A high interest rate economy also attracts more capital flows which will be useful for financing India’s current account deficit but could lead to a stronger rupee, hitting exports and putting pressure on the trade deficit.

Also, the government, with an eye on voters, has left open the option of intervening if global crude prices soar after lifting price controls on gasoline in June. If the government intervenes to subsidise fuel, it may impact efforts to keep the fiscal deficit below the forecast 5.5% of GDP in 2010-11.

Unless New Delhi accelerates efforts to improve farm output, it will be forced to rely more on costly imports and subsidies, exacerbating a stressed fiscal position.

What could the central bank do?

Inflation is now generalized and demand side pressures are clearly evident. The central bank has responded by raising interest rates four times since March, most recently on 27 July when it hiked the reverse repo rate by 50 basis points, more forcefully than expected to absorb excess cash.

With inflation a dominant concern and an economic recovery firmly in place, the stage appears set for more tightening. A Reuters poll after the 27 July policy review found economists expect the central bank to lift rates aggressively, with most forecasting a further increase in rates by 25 basis points by the end of September.

Will prices come down?

Unlikely in the near term. The growth-focused government appears resigned to elevated inflation, which has consistently outrun its forecasts.

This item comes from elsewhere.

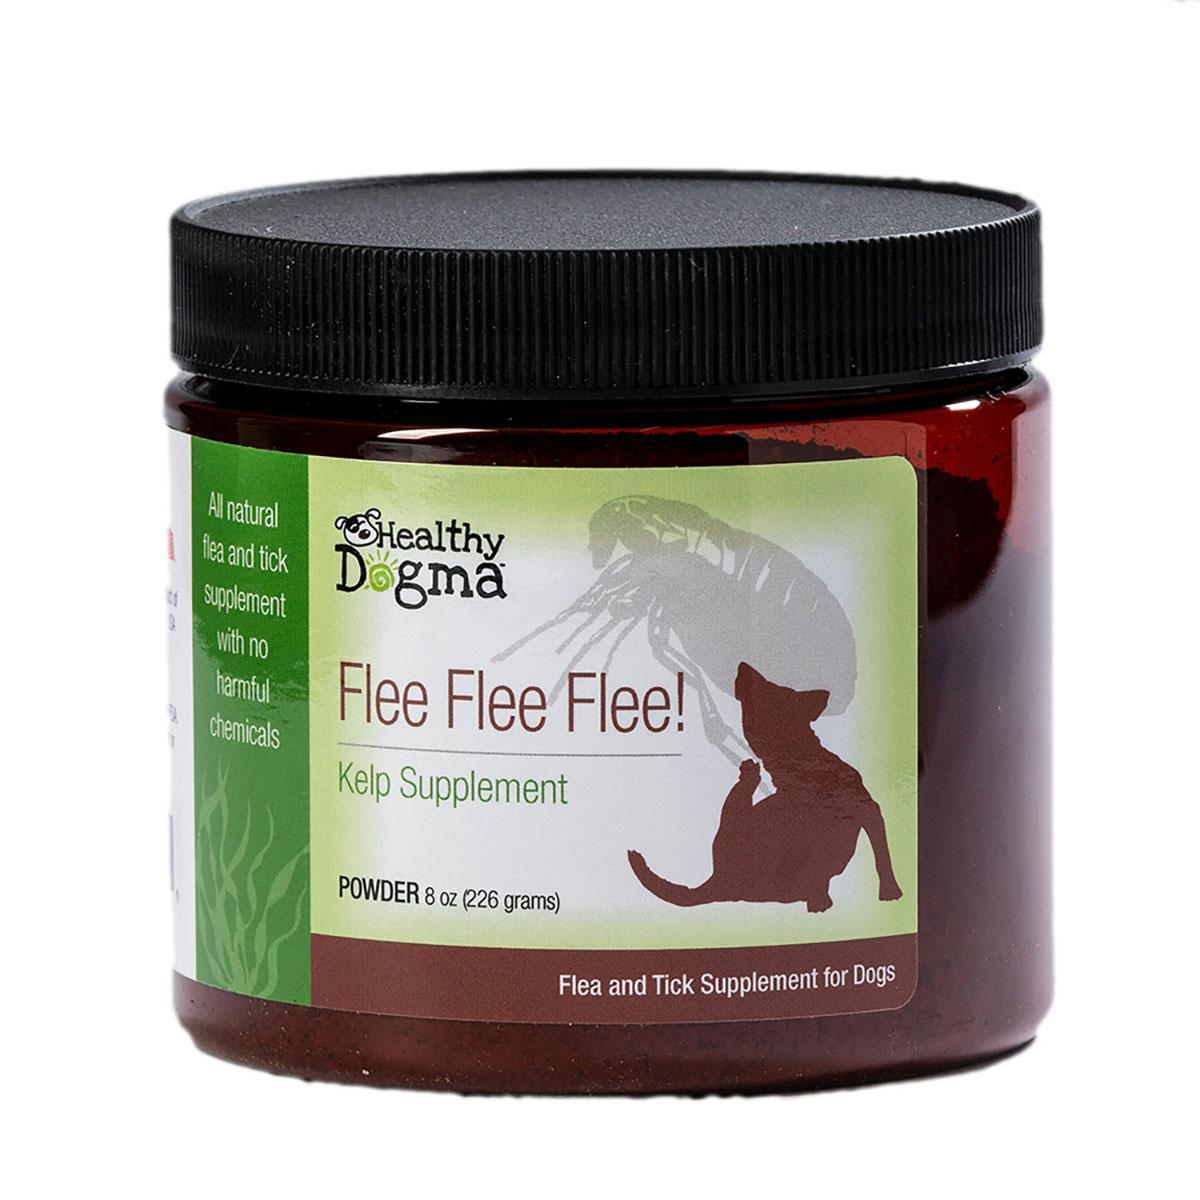 Healthy Dogma Flee Flea Flee Natural Yeast & Garlic Formula Dog Supplement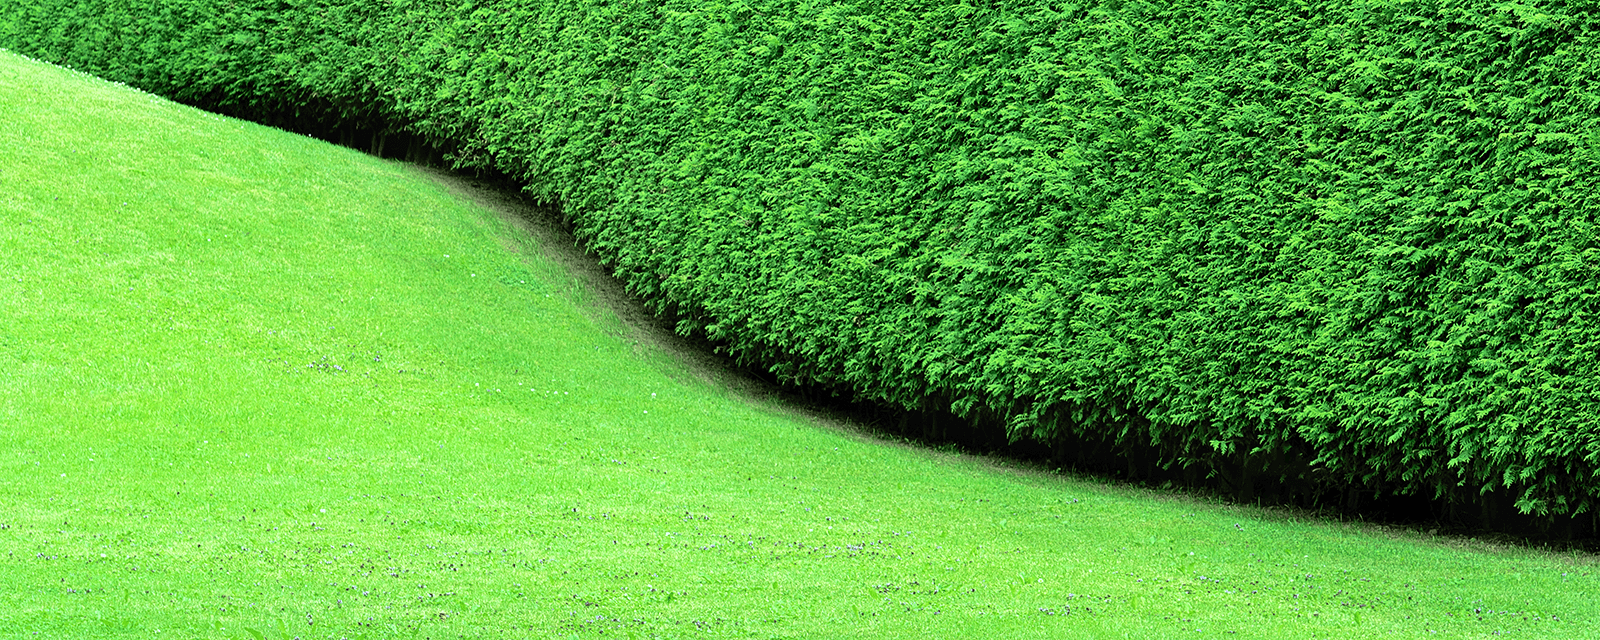 outco lawn pitch grass care

Finance minister Pranab Mukherjee has said inflation is a price to pay for rapid growth. There are suggestions in the government of a “new normal" of inflation running at 6 to 8 percent, from the roughly 5 percent considered acceptable by policymakers in recent years.

Will a good monsoon help?

Maybe moderately.

Monsoon rains will slow rising food costs, while the base effect after a year of sharply rising prices will soon kick-in, pushing inflation down to single-digits. But other bottlenecks persist, including a gap between farm output and demand. High inflation has persisted despite tightening of monetary policy this year, including the shifting of the operative rate from the reverse repo to the repo.

But monetary policy is not enough to curb demand from India’s rural poor, who are spending their rising incomes on food. Foodgrain production has risen less than 1% a year in the past decade even as per capita incomes have roughly doubled.